Base On Prior Year Or Current Year
After I left my full-time job last year, I’m now completely on my own. In order to avoid an underpayment penalty, the IRS says you must pay this much, whichever is lower:
- 100% of the total tax last year (110% if your last year’s AGI is more than $150k); or
- 90% of your total tax this year
Between the two methods, it’s easier to use the total tax last year because it’s not a moving target. After you file your tax return, you already know what that number is from line 15 of your 1040 form. Then you just take 100% or 110% of that amount as your target this year. It also works well when your income is going up. Even if you pay 110% of your last year’s tax, it won’t be too far off from your tax on a higher income.
However, when you expect a large drop in income, such as the case for me this year, paying based on previous year’s tax will be way off. So I’m left to guess what my income will be this year, and then calculate what my tax will be from there. Fortunately they do allow a 10% buffer. If I guess wrong, as long as I pay more than 90% I will be OK.
If you use downloaded/installed tax software instead of the online service, it’s very easy to estimate your tax based on your estimated income. Just make a copy of last year’s tax file, open it, and change the income numbers to your estimates. If you don’t have installed tax software, the Case Study Spreadsheet (aka Personal Finance Toolbox) can help, but you will have to learn how to use it. See Tax Calculator With ACA/Obamacare Health Insurance Subsidy.
After this year I will go back to using prior year’s tax as the target, which doesn’t require guessing the income or running software.
Timing
The IRS expects estimated tax payments in four equal installments by April 15, June 15, September 15, and January 15 (of the following year). The due dates are extended to the following business day if they fall on a weekend or holiday.

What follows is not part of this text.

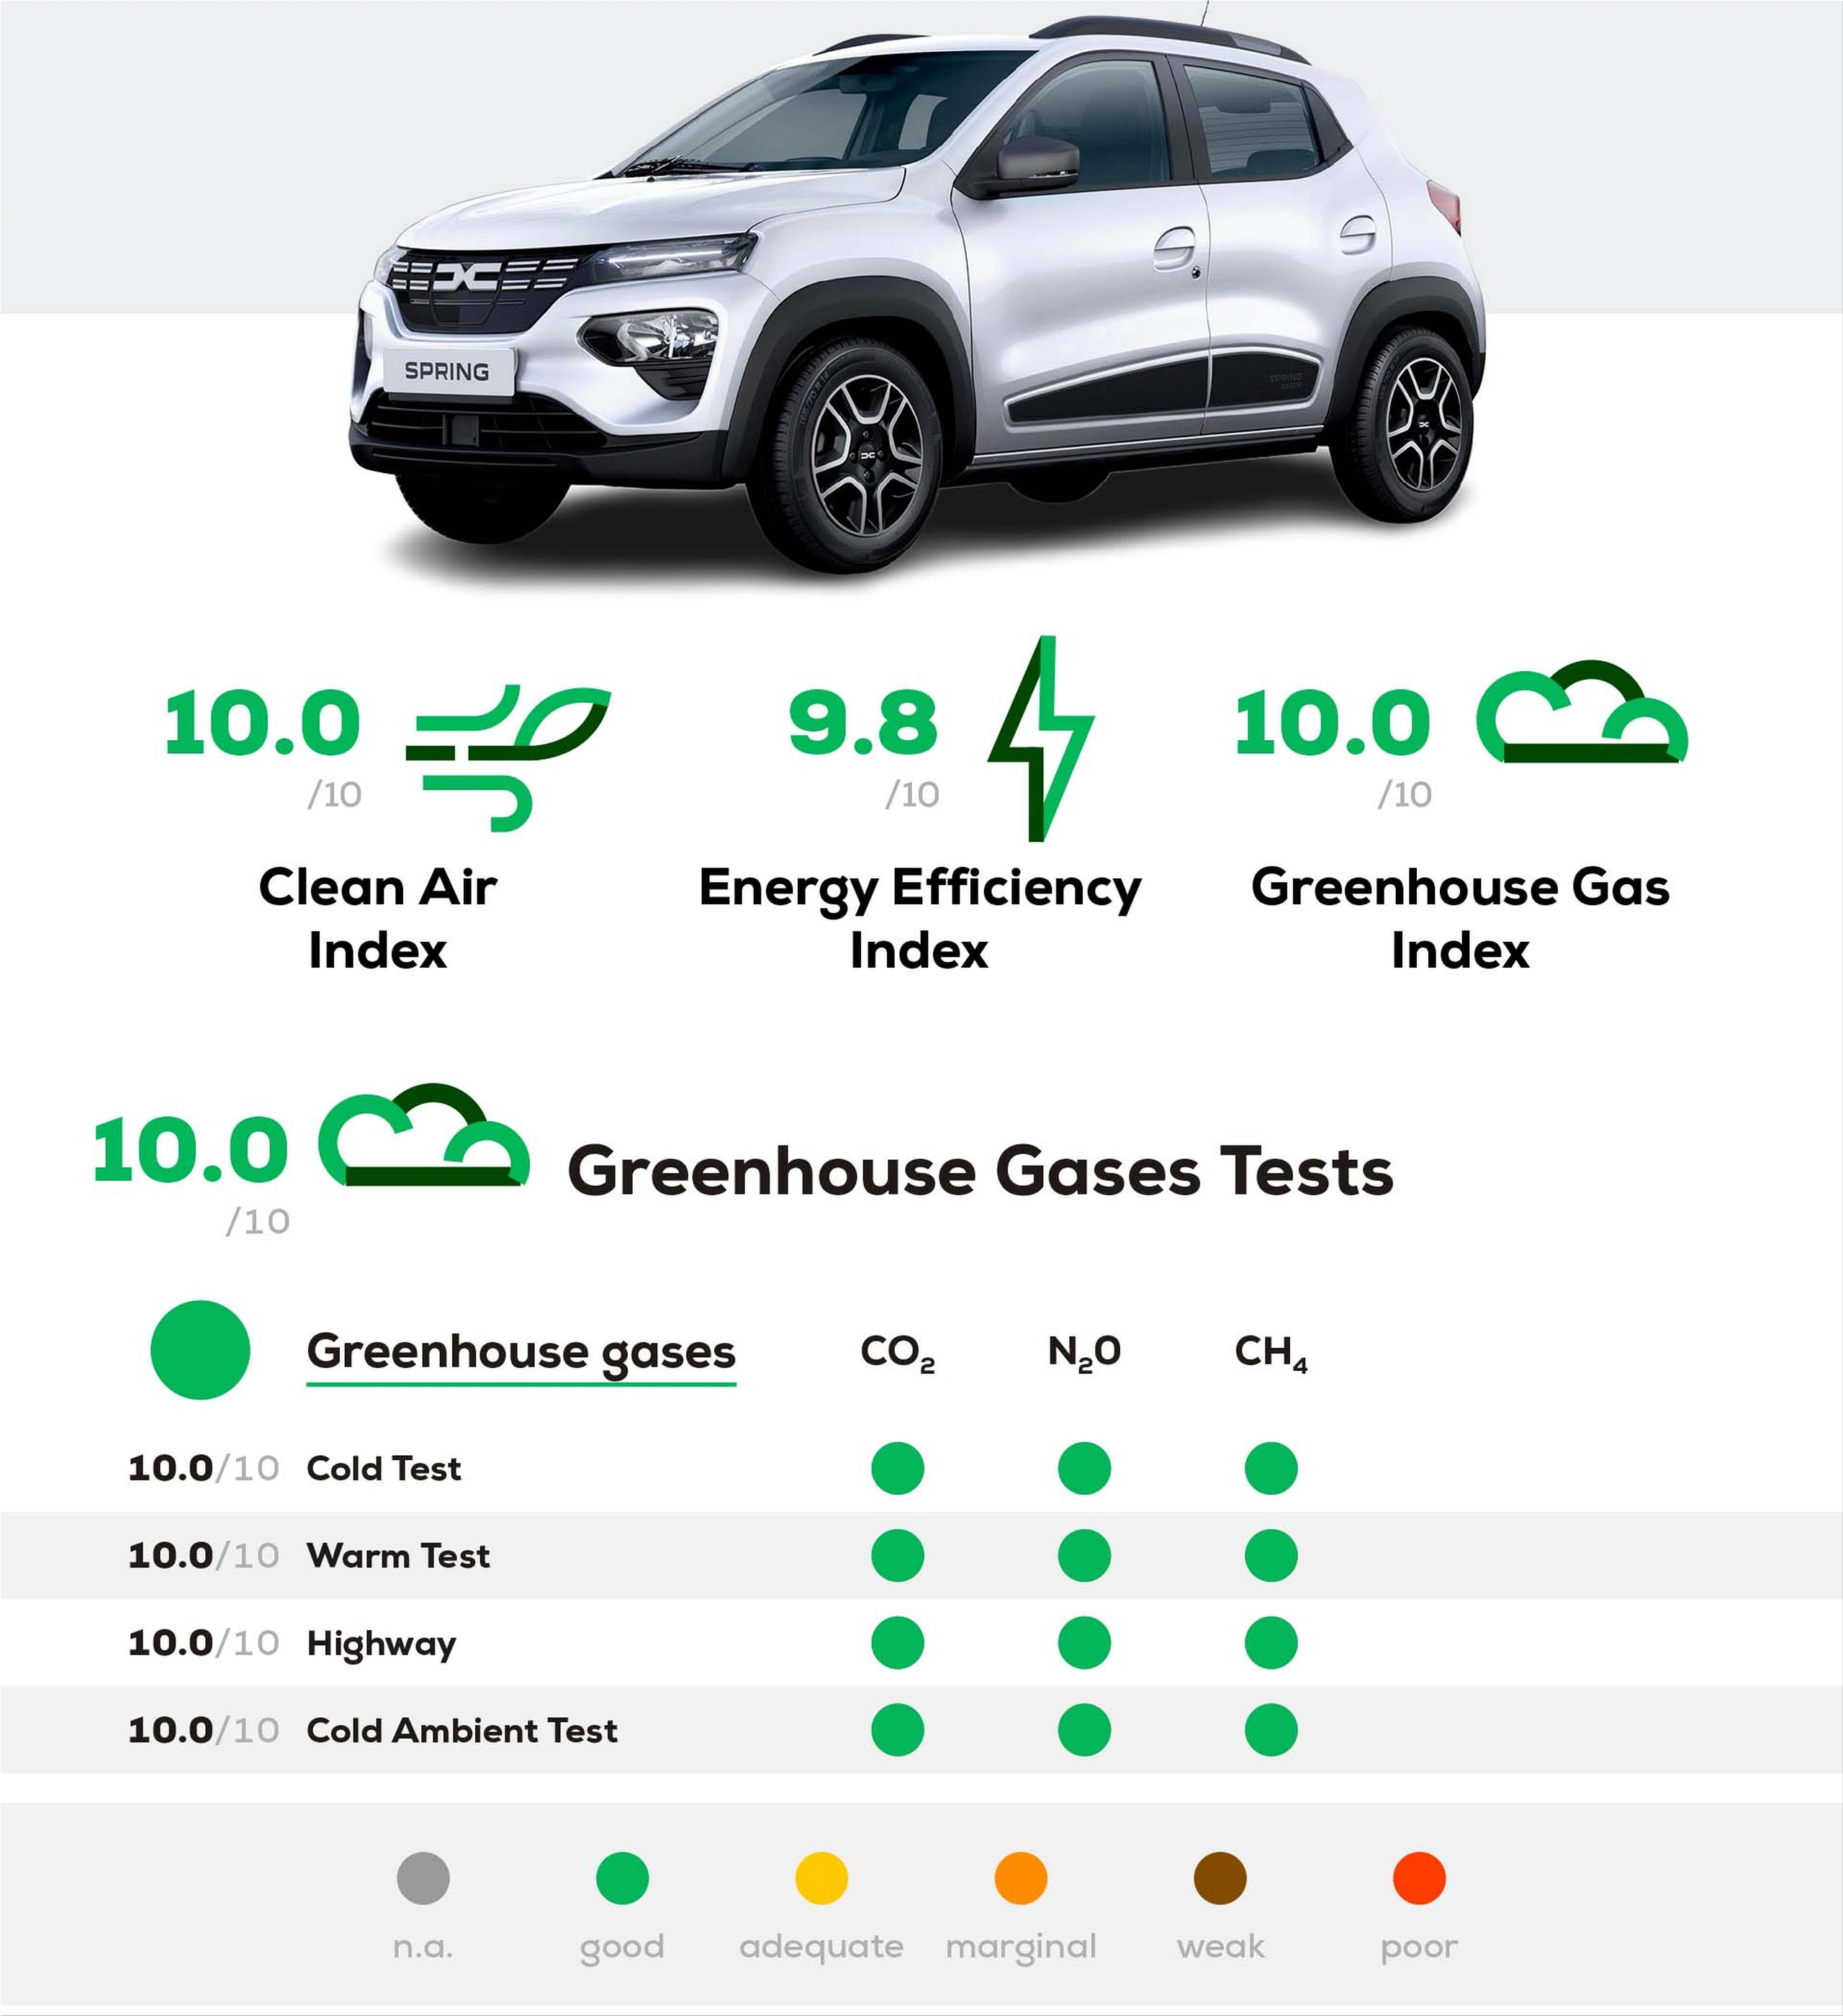 Dacia Spring Sales Figures

Even if you earn 100% of your income in January, you can still pay in four equal installments. If you earn 100% of your income in December, they don’t expect you to have the foresight for what your annual income will be at the earlier due dates. You can pay less early in the year and more later in the year when your income also skews more toward later in the year. So just do the best you can in estimating your annual income and your tax at each due date. If you have a larger income later in the year, just pay more to catch up.
State Income Tax
The state wants their taxes too. I live in California, which has the same due dates as the IRS, but they have an accelerated collection requirement. Instead of 1/4 each at each due date, California requires 30% of the annual tax due on April 15, another 40% on June 15, and a final 30% on January 15 of the following year. This way California gets paid more sooner. By June 15, California will have already received 70% of the annual estimated tax.
Paying Online
The tax authorities make it relatively easy for you to pay your taxes. The IRS offers Direct Pay for one-time payments. No login or password is required. You just pay with a bank account. For scheduled payments, the IRS offers EFTPS, which requires registration and waiting for a PIN coming by mail. If you’d like to earn some reward points you can also pay with a debit card or a credit card through some third-party processors. The third-party processor will charge a fee but the fee may be lower than value of the rewards you earn.

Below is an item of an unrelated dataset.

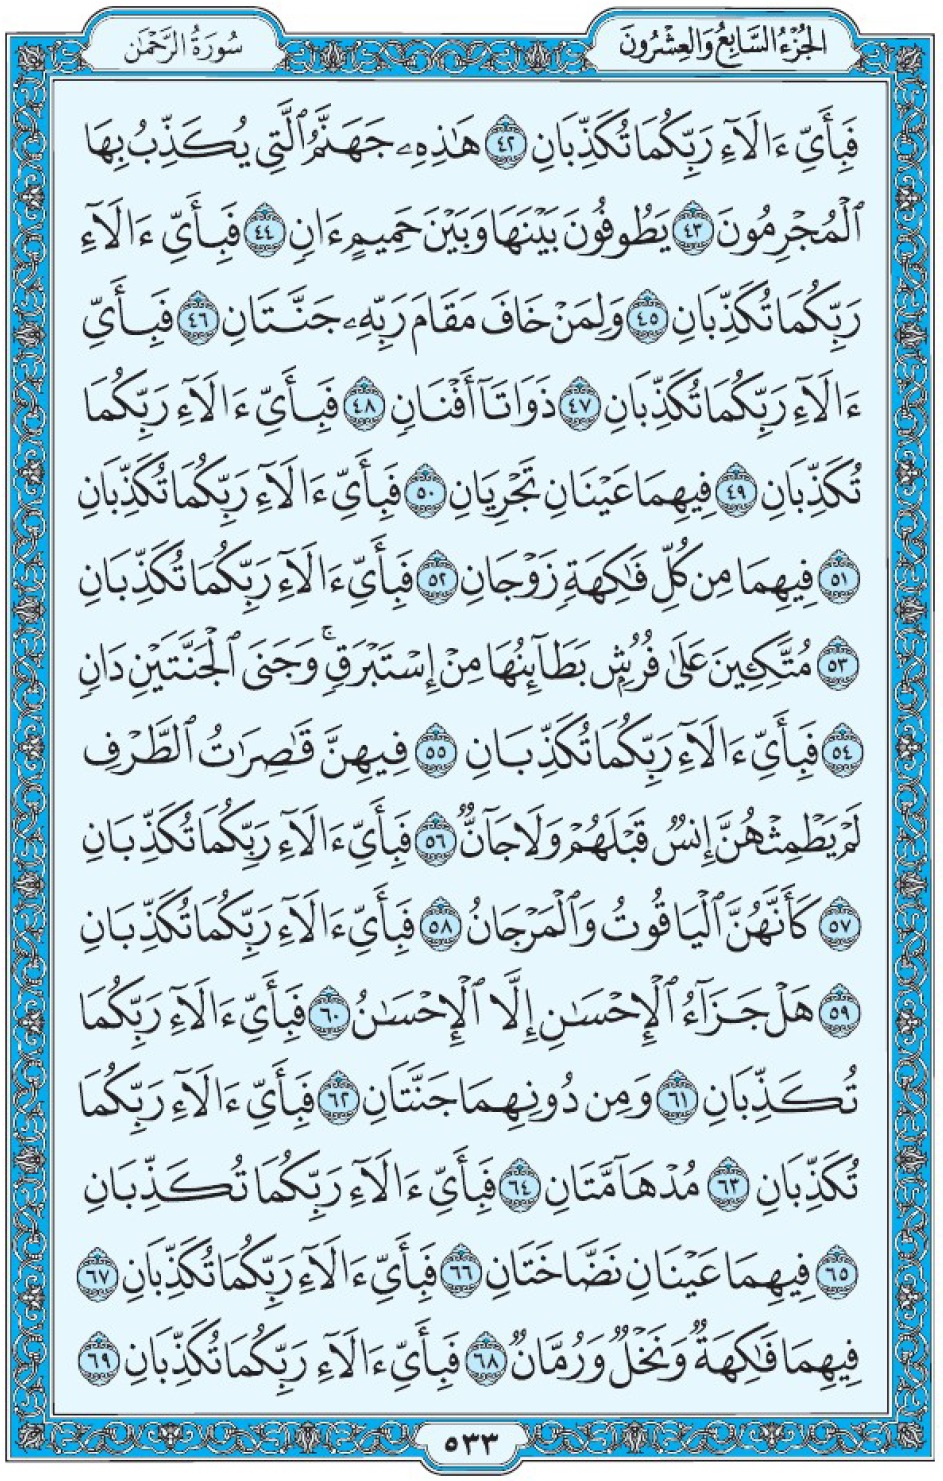 Коран Мединский мусхаф страница 533, сура ар-Рахман, аят 42-69

California’s Franchise Tax Board offers Web Pay, which you can use either with a registered account or without. Without a registered account you can just pay on the fly. With a registered account you can link a bank account and schedule payments ahead of time.
Because I will be paying on my own in the foreseeable future, I registered for both IRS EFTPS and California’s Web Pay. The scheduled payments for April 15 went through smoothly.
I noticed that if you schedule a payment, the date specified is the date the debit will hit your account. They send out the debit the day before to make the debit hit your account on the scheduled date. So make sure you have the money in the account on the scheduled date and don’t think you have another day after the scheduled date. If you don’t have enough money in your account when the debit hits, the IRS can charge you a dishonored payment penalty at 2% of the payment amount with no cap. California also charges a similar dishonored payment penalty. Bouncing those two debits can cost a small fortune!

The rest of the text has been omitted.